BEGIN
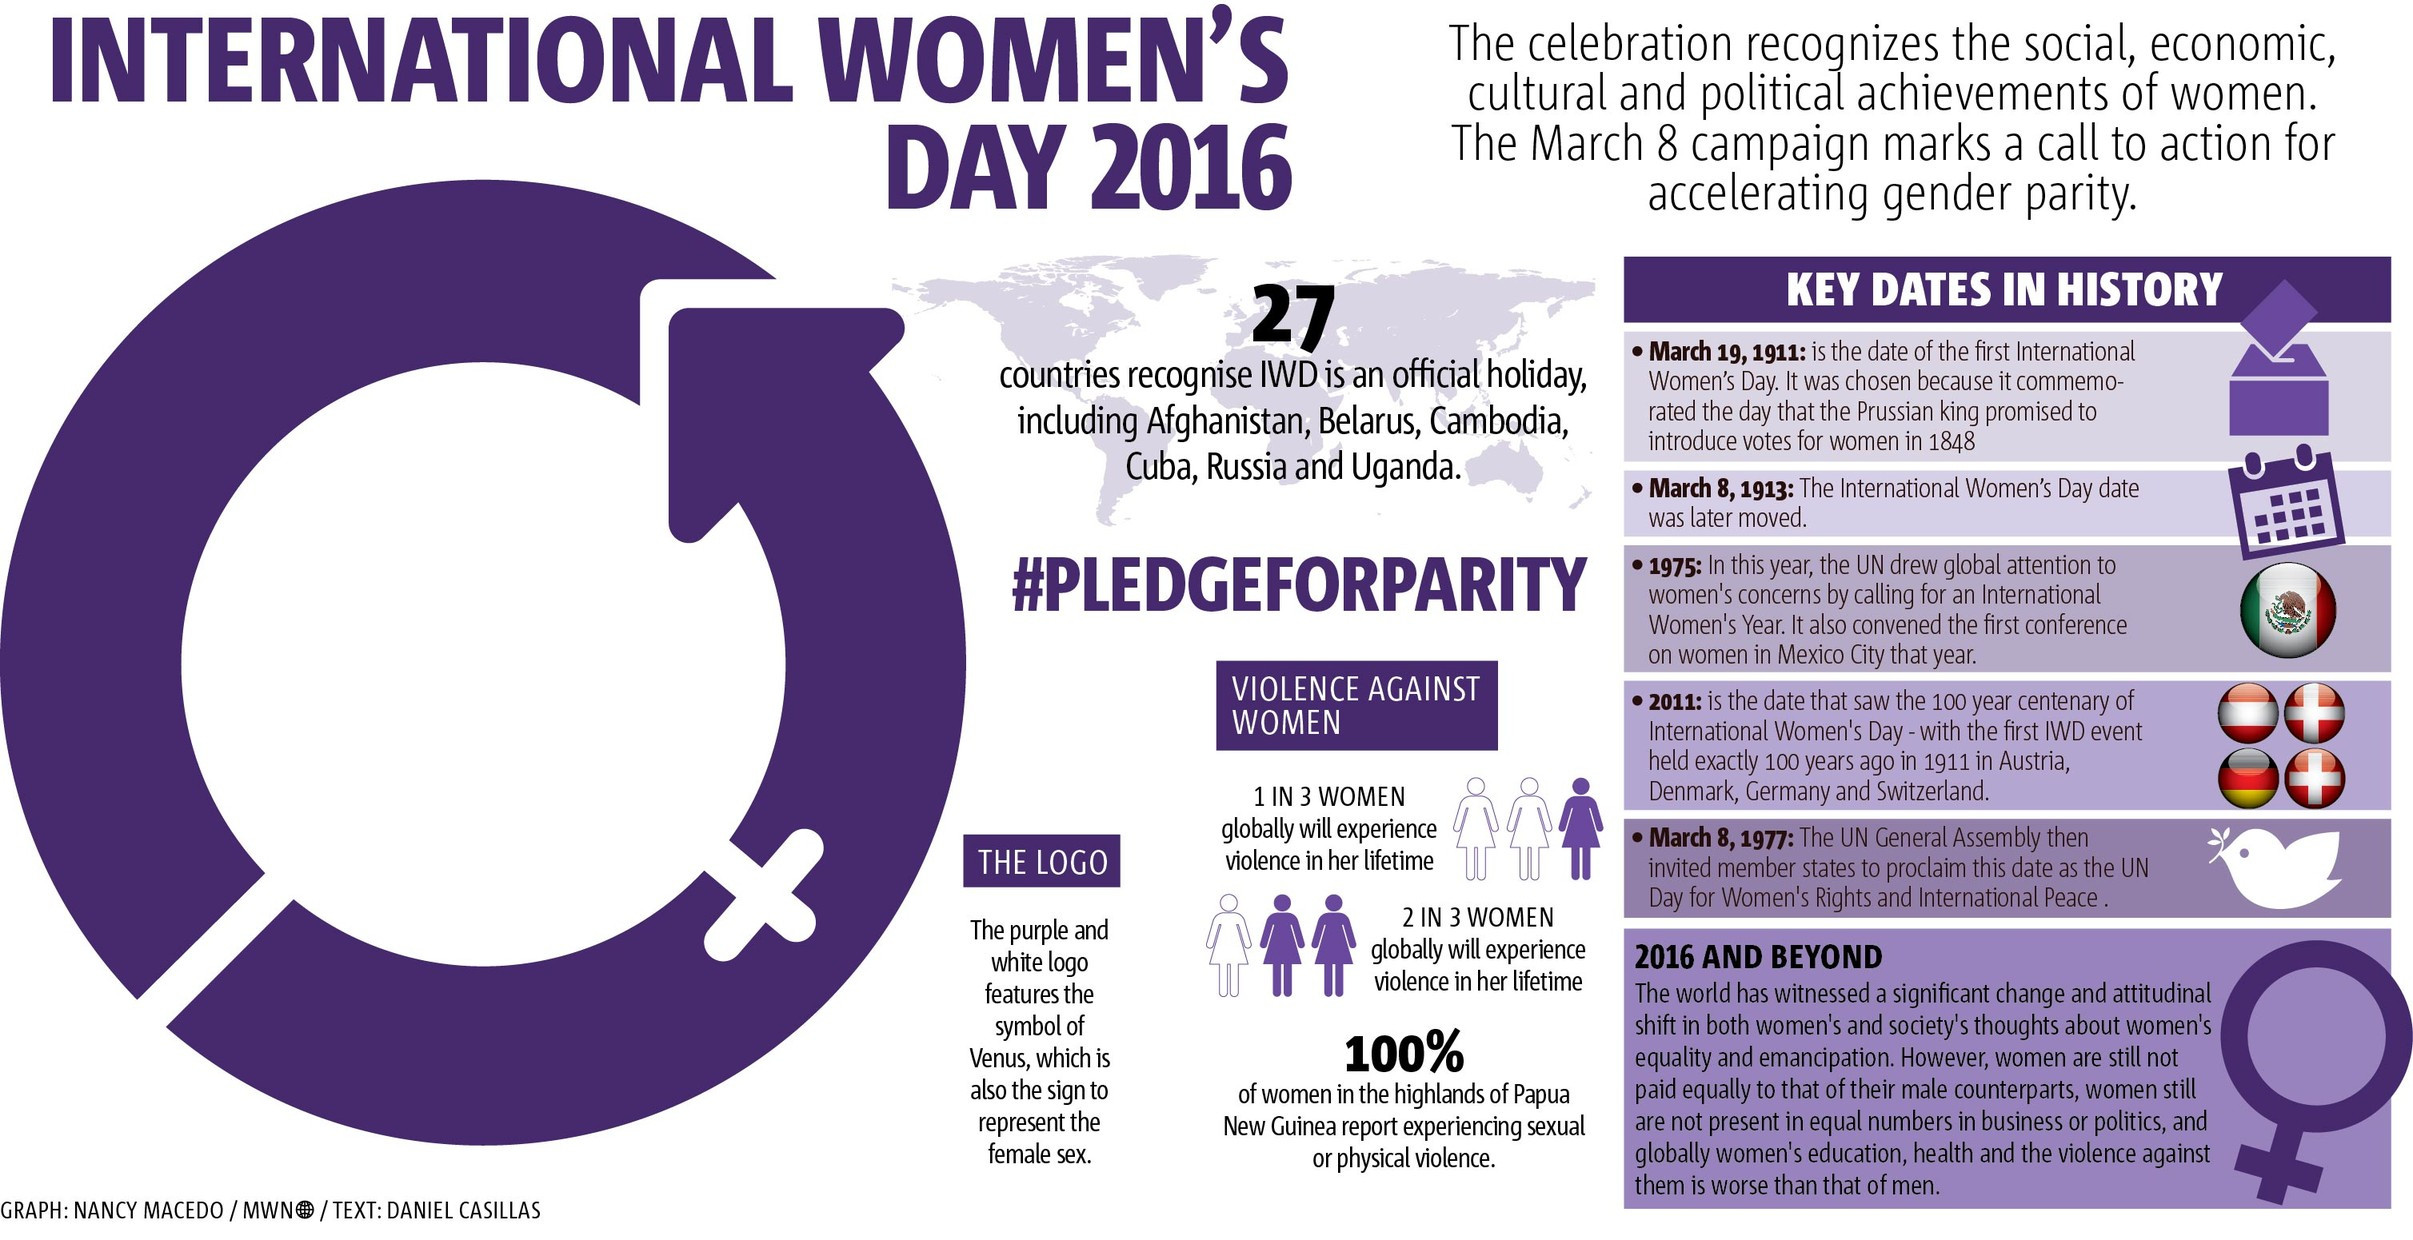 WORLD VOICE: International Women's Day 2016: Taking Action for Gender Parity
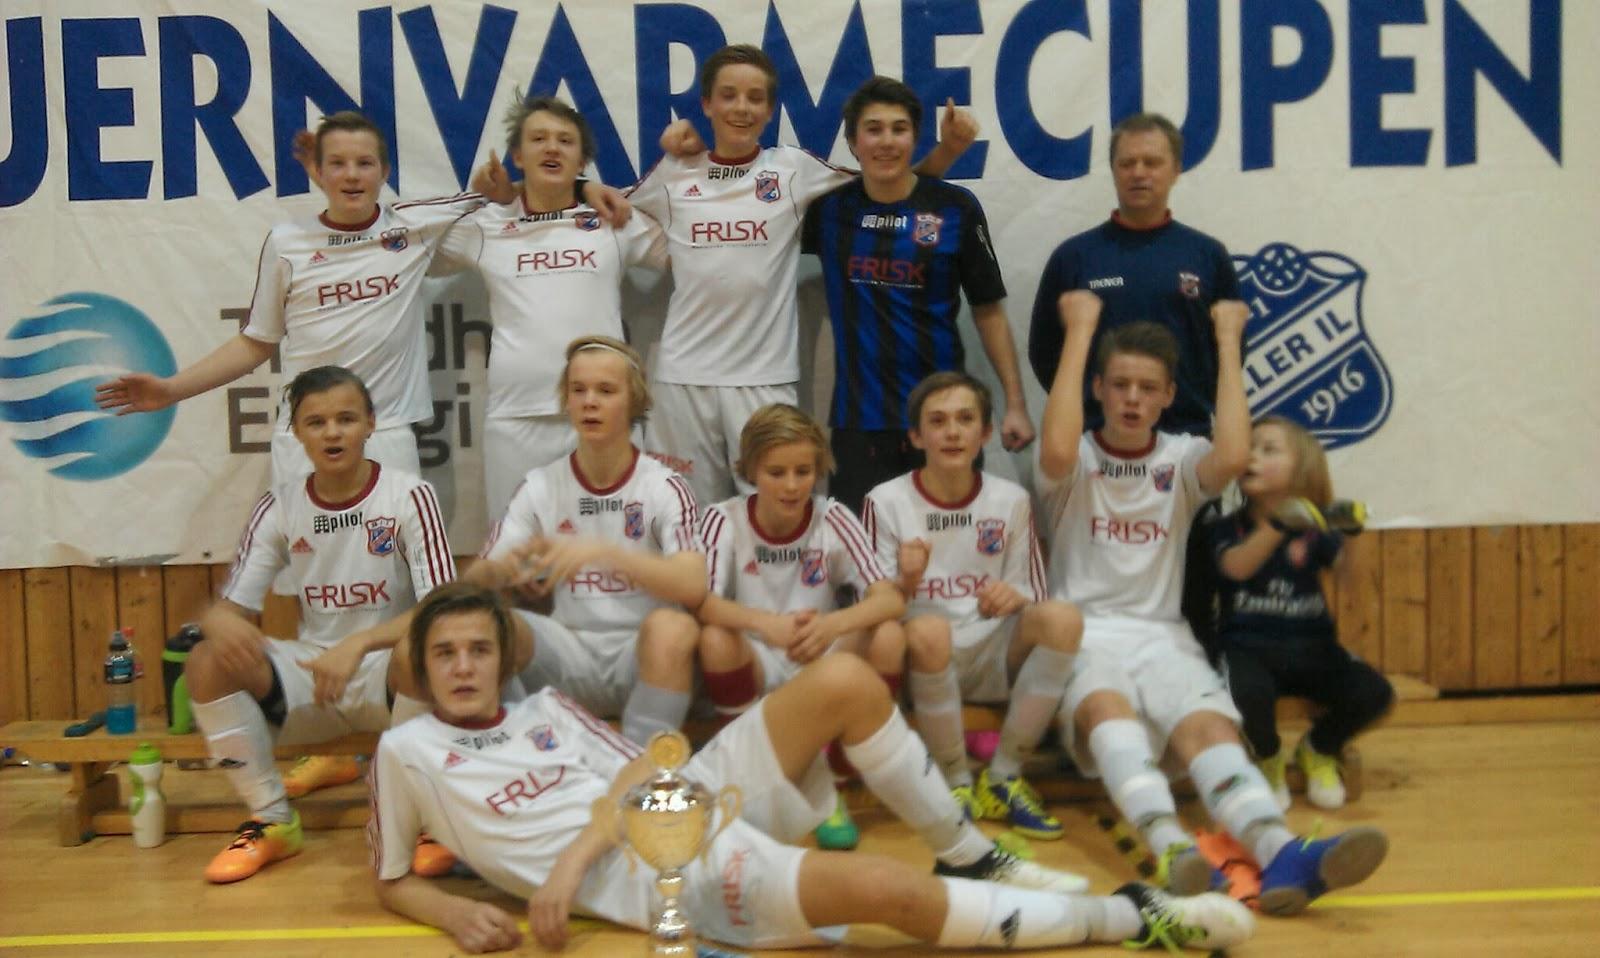 9a1b5be0 Byåsen G 16 vant Fjernvarmecupen klasse G 17
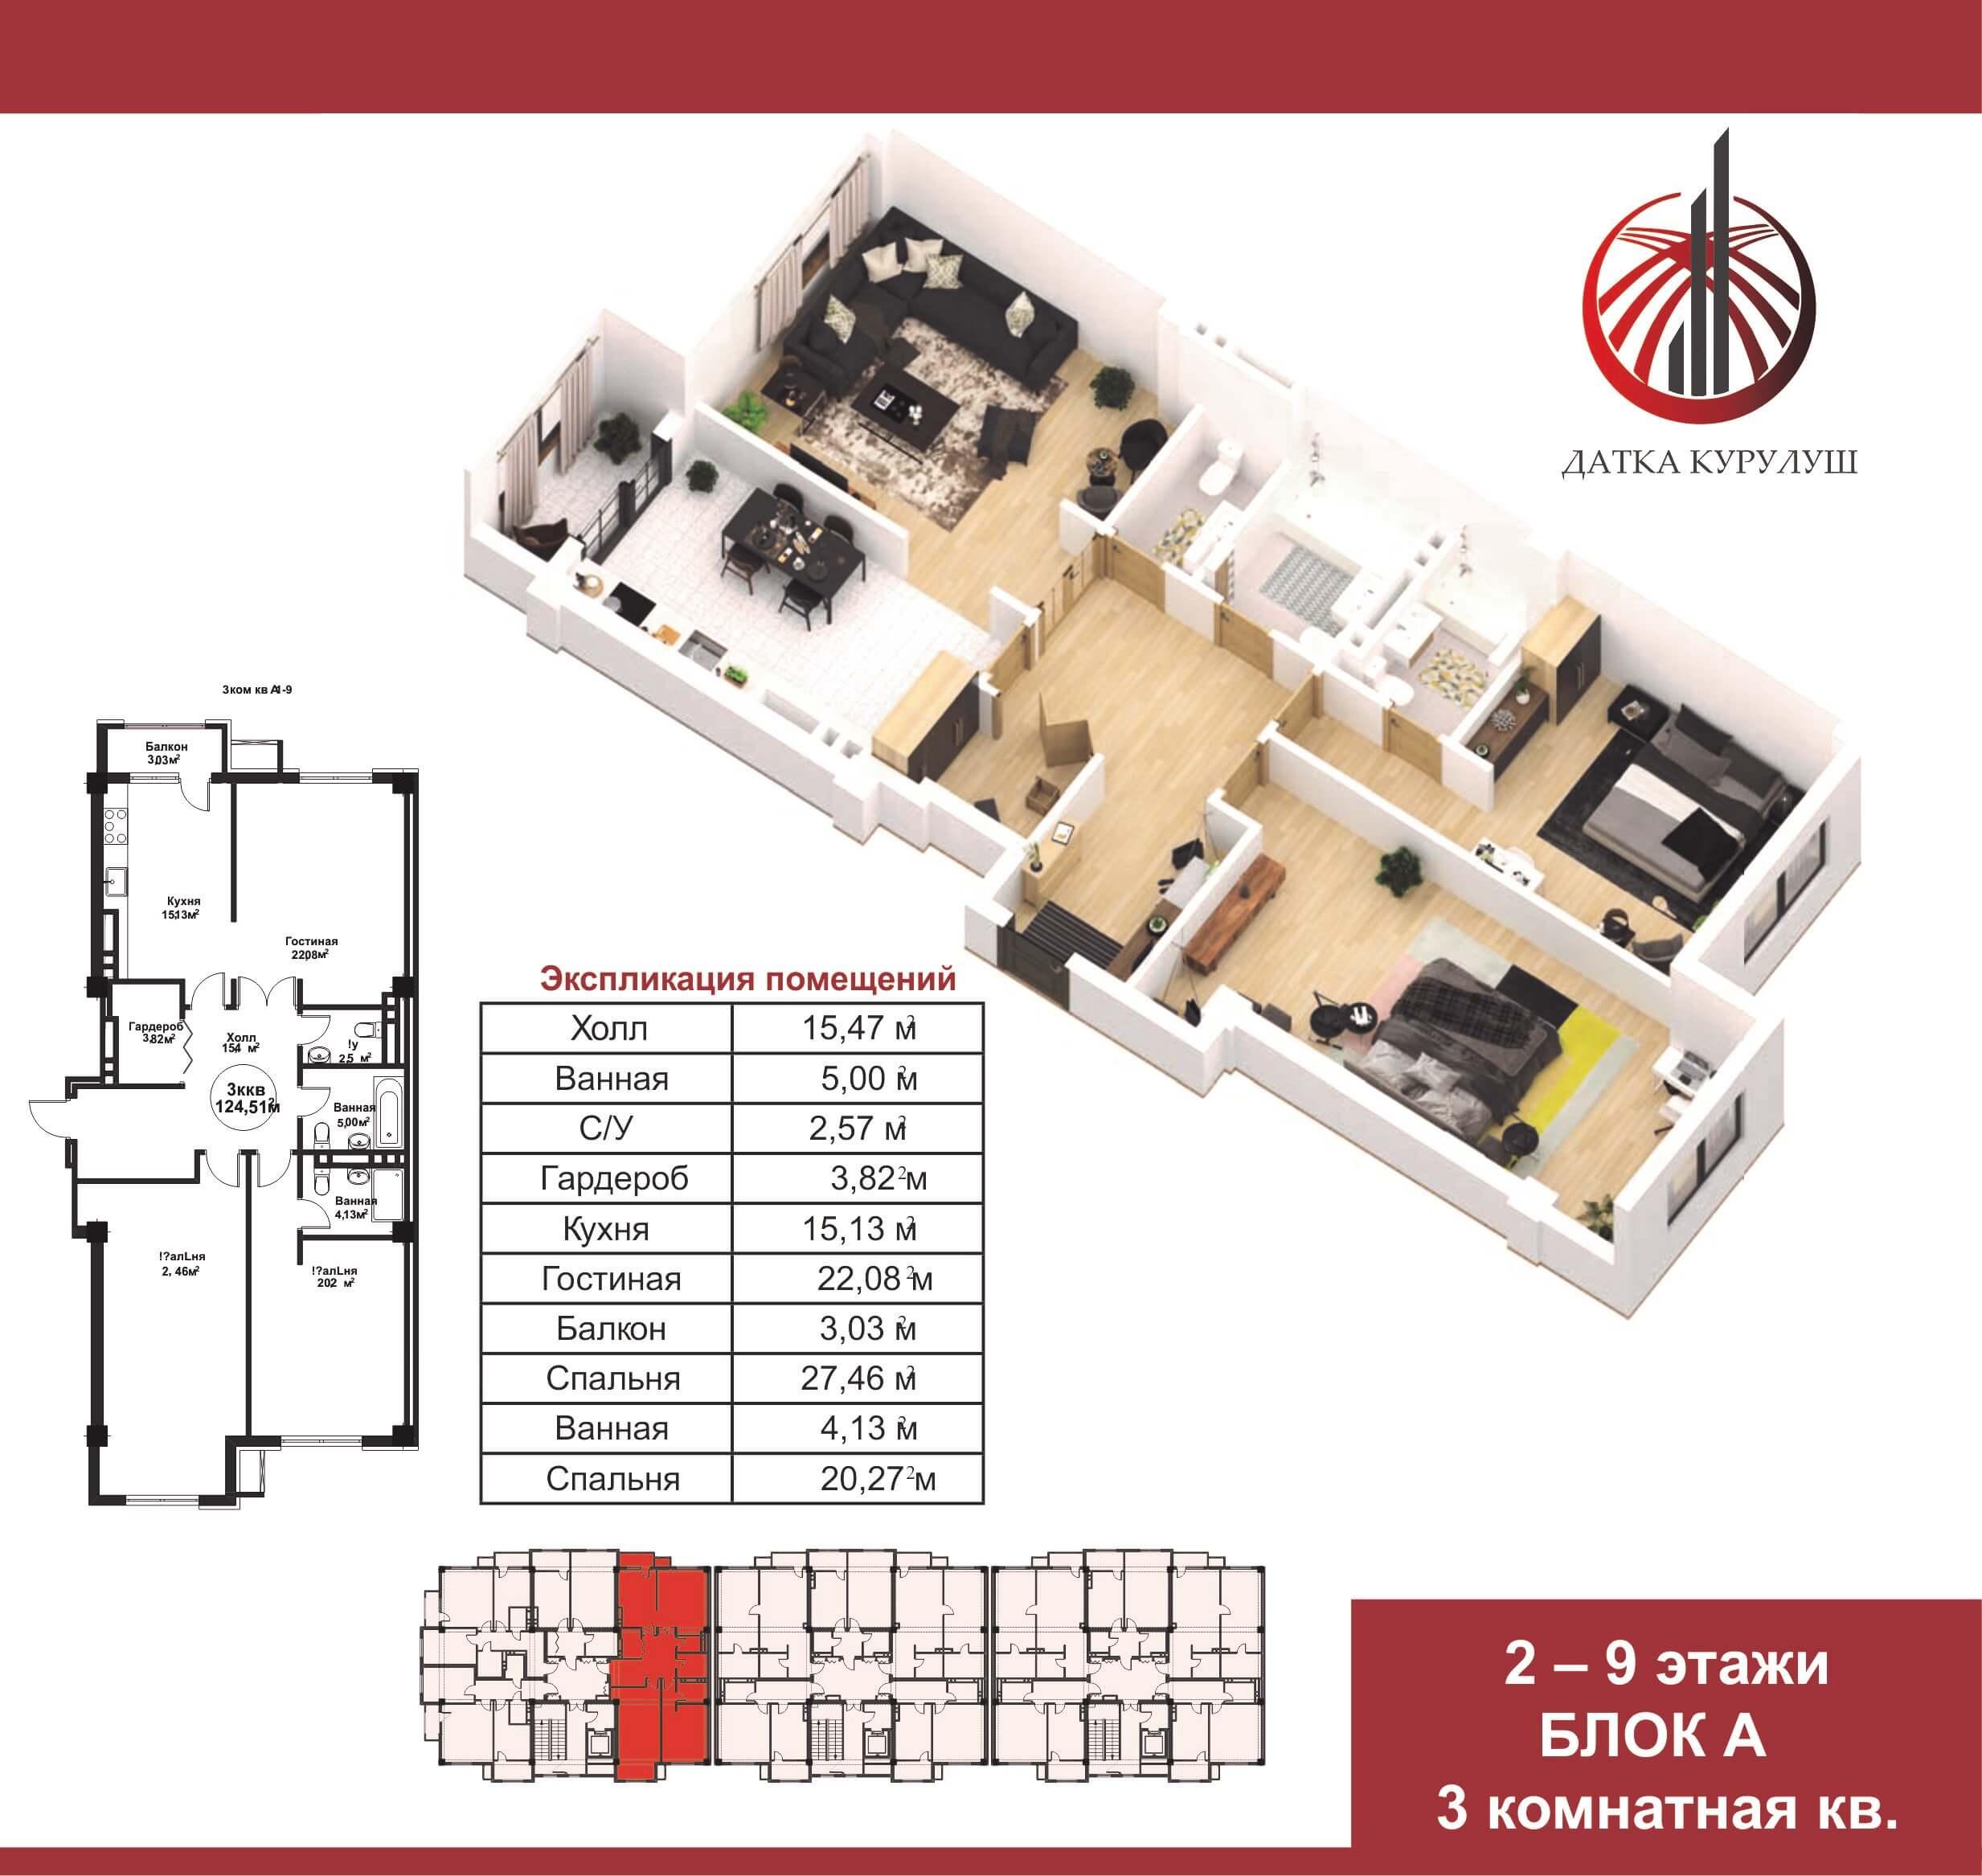 3-х комнатная квартира 124,51 кв.м.
END
→ **WHAT THE TASK ASKS**:
The output should be the lines from the one with "9a1b5be0 Byåsen G" through the end of the material above, both ends included, printed exactly and nothing else. Drop the pictures.

→ **ANSWER FOR THIS EXERCISE**:
 9a1b5be0 Byåsen G 16 vant Fjernvarmecupen klasse G 17
 3-х комнатная квартира 124,51 кв.м.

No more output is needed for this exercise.